Portugal intends to close a legal loophole that currently prevents the taxation of virtual assets and has made the country particularly attractive to cryptocurrency investors, Portugal's finance minister said on Thursday.

"The government intends to legislate on this matter, we are not going to maintain this vacuum," Fernando Medina said at a press conference in Lisbon.

The government wants to present "as soon as possible" a new legal framework that ensures a balance between tax "fairness" and the country's international "competitiveness," Medina added.

Portugal is currently one of the few countries in Europe where cryptocurrency transactions are not subject to taxation because they are not considered currencies or financial assets, according to a notice issued by the Portuguese tax authorities in 2016 which is still in force.

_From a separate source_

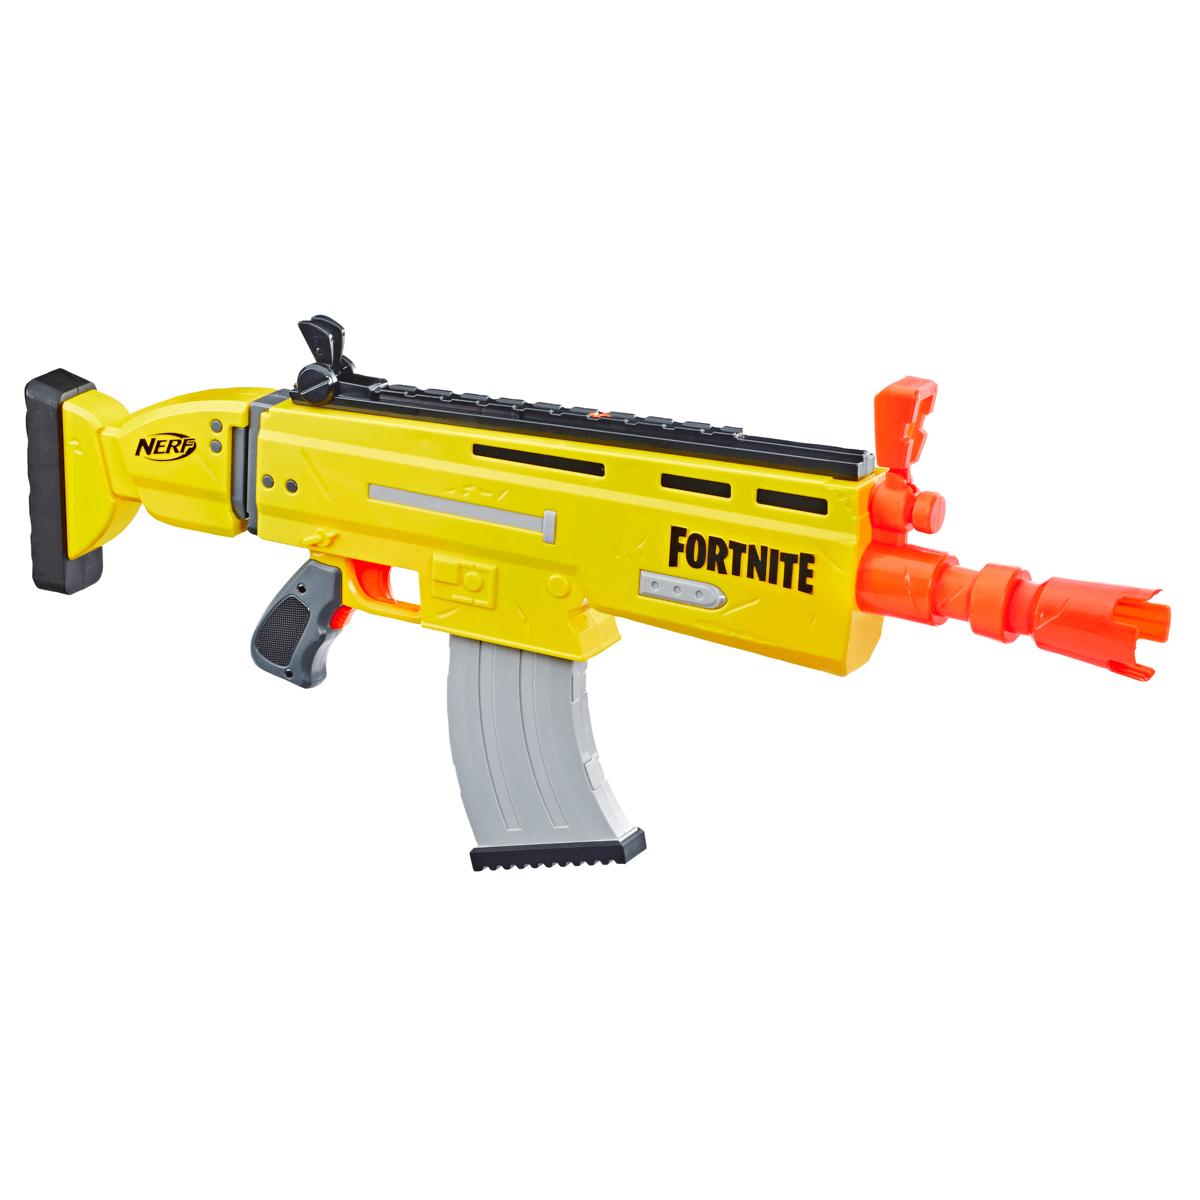 Nerf fortnite AR-L gun £25 @ Tesco (Alloa)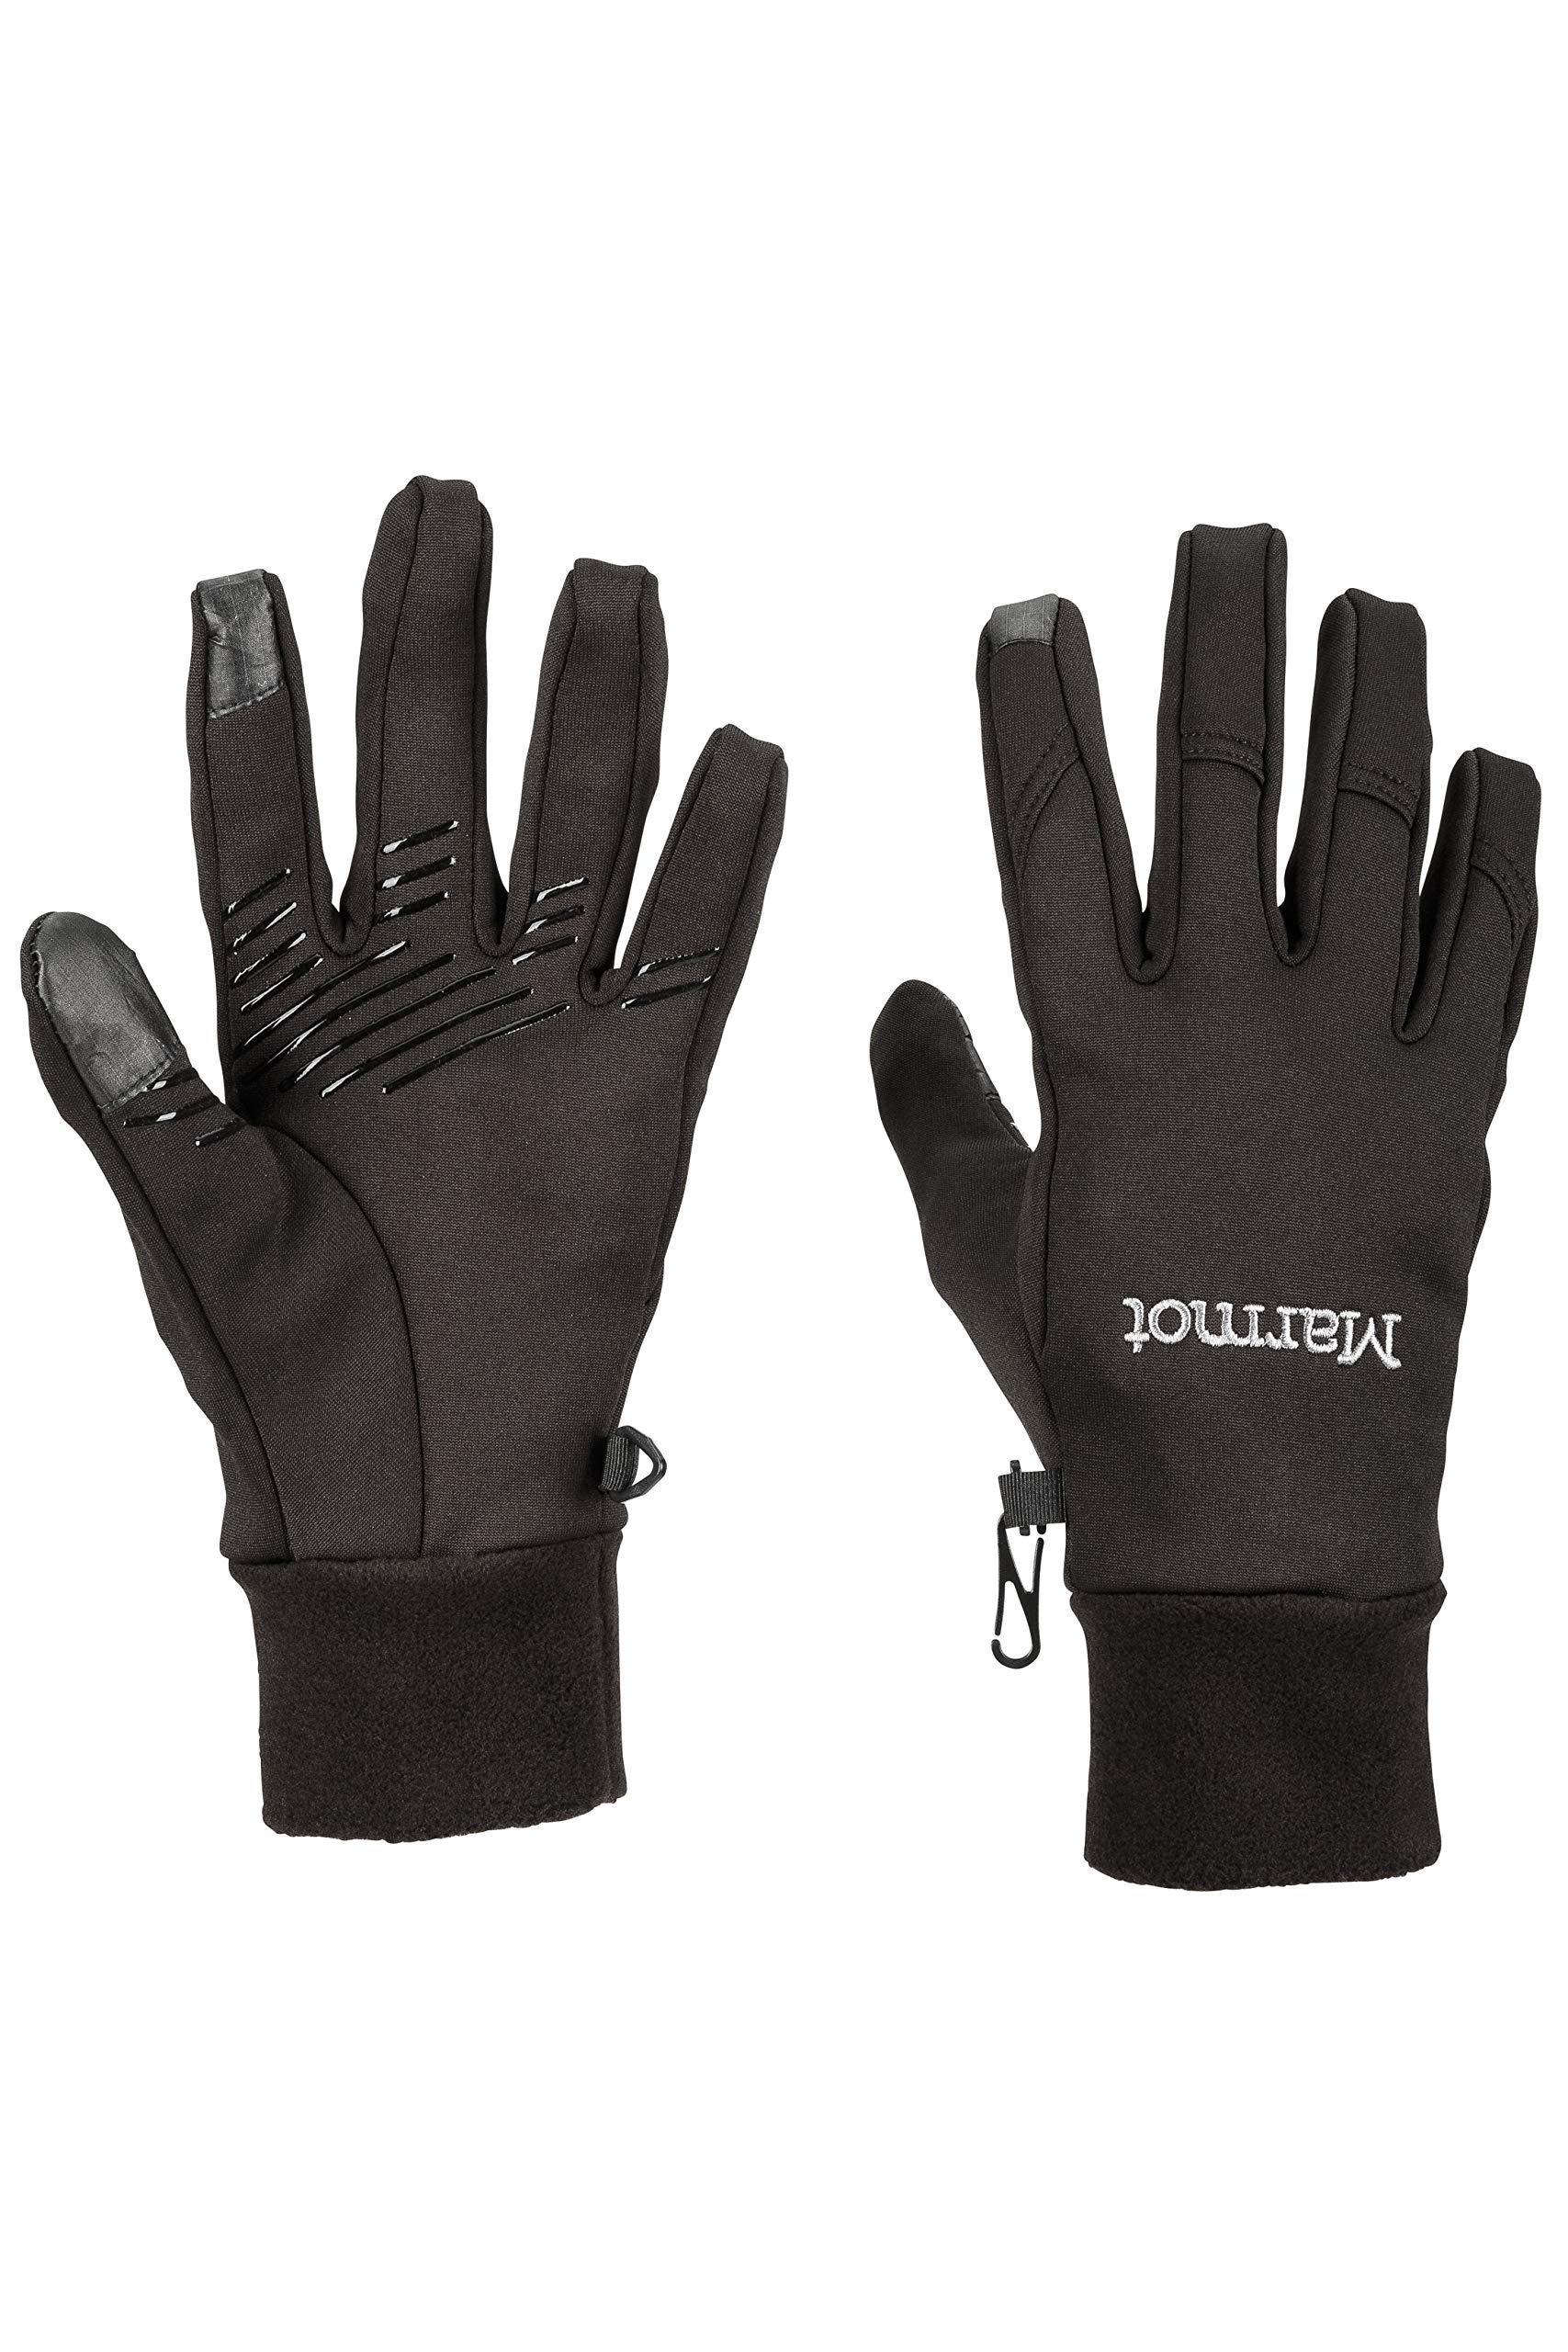 Marmot Women's Connect Glove, Black, Medium

Individuals do not have to pay VAT or capital gains taxes on their purchases and sales of crypto assets, and only professional activities paid in crypto are taxed.

Bitcoin used to buy Portuguese property

While new tax rules are yet to be officially introduced, cryptocurrency investments continue to gain ground in the country, particularly in the real estate sector with the first sale of property paid for in Bitcoin without conversion to euros being completed in early May.

The transaction is unprecedented in Portugal and Europe, according to real estate agency Zome, the intermediary in the sale. 

The three-bedroom apartment, which was worth €110,000, was sold for 3 Bitcoins in Braga, a major city in northwest Portugal.

Made possible "thanks to a new regulation by the Order of Notaries approved at the end of April," cryptocurrency real estate transactions must be preceded by a "more extensive" verification procedure than in a traditional sale, in order to "check the source of funds under the law on money laundering", Zome spokesman Carlos Santos told AFP.

The agency, which has launched a portal with some 3,000 properties with prices displayed in Bitcoin, sees new opportunities for development despite a volatile crypto market that has plummeted in recent weeks.